Step 4: Prepare Your Bulk Data

Create a JSON file containing an array of items you want to add to your dataset. Each item should include the dataset ID, inputs, and outputs:
bulk_data = [
    {
        "dataset": dataset_id,
        "inputs": {
            "text": "This movie was fantastic!",
            "rating": 5
        },
        "outputs": {
            "sentiment": "positive"
        }
    },
    {
        "dataset": dataset_id,
        "inputs": {
            "text": "I didn't enjoy this film at all.",
            "rating": 1
        },
        "outputs": {
            "sentiment": "negative"
        }
    },
    {
        "dataset": dataset_id,
        "inputs": {
            "text": "The movie was okay, nothing special.",
            "rating": 3
        },
        "outputs": {
            "sentiment": "neutral"
        }
    }
]

# Save bulk data to a file
bulk_file_path = "./bulk_items.json"
with open(bulk_file_path, 'w') as f:
    json.dump(bulk_data, f, indent=2)

Step 5: Submit the Bulk Create Request

Submit your bulk create request with the data file:
# Create a dictionary with the uploaded file opened in binary mode
files = {"file": open(bulk_file_path, "rb")}

# Set the mode for bulk create (optional)
data = {"mode": "upsert"}  # Options: "insert" or "upsert" or "replace"
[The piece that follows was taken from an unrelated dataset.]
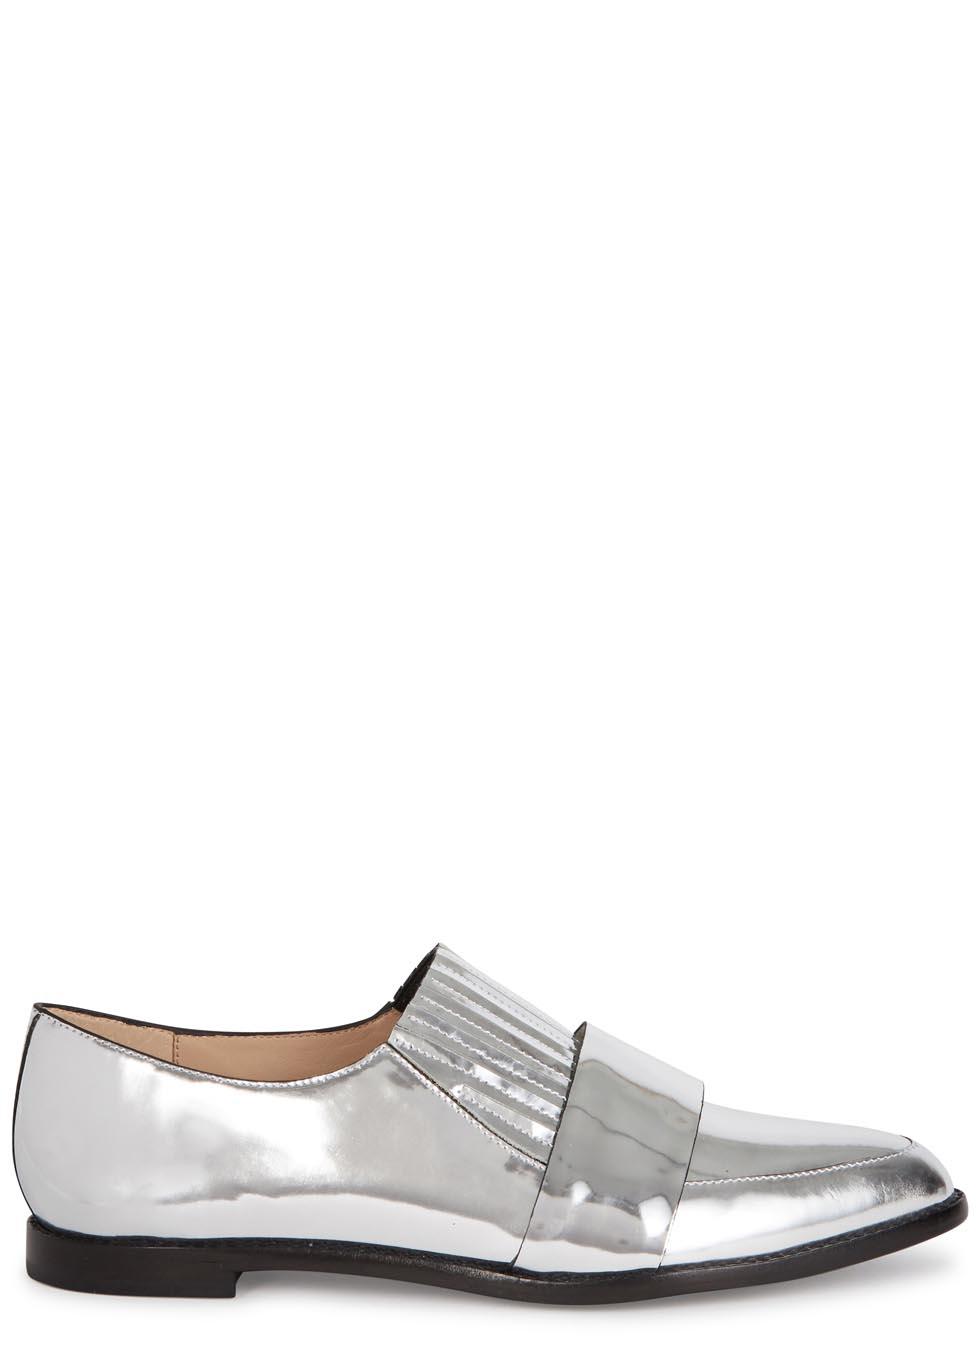 853949688e7 Loeffler Randall Rosa Silver Leather Loafers in Metallic - Lyst

# Submit the bulk create request
bulk_create = api_call(
    "POST",
    f"datasets/{dataset_id}/bulk_create/",
    data=data,
    files=files
)

# Get the bulk create task ID
bulk_create_task_id = bulk_create.json()['bulk_create_task_id']
print(f"Created bulk create task with ID: {bulk_create_task_id}")

Step 6: Monitor Bulk Create Status

You can check the status of your bulk create task in the admin panel. The task will process your items in the background and add them to your dataset. The bulk create feature supports two modes:
  • insert: Creates new items only
  • upsert: Creates new items or updates existing ones if they match
  • replace: Deletes existing items and creates new ones
This feature is particularly useful when you need to:
  • Import large datasets from external sources
  • Update multiple dataset items simultaneously
  • Populate datasets with training data
Remember to structure your bulk data according to your dataset’s schema, ensuring that all required fields are included for each item.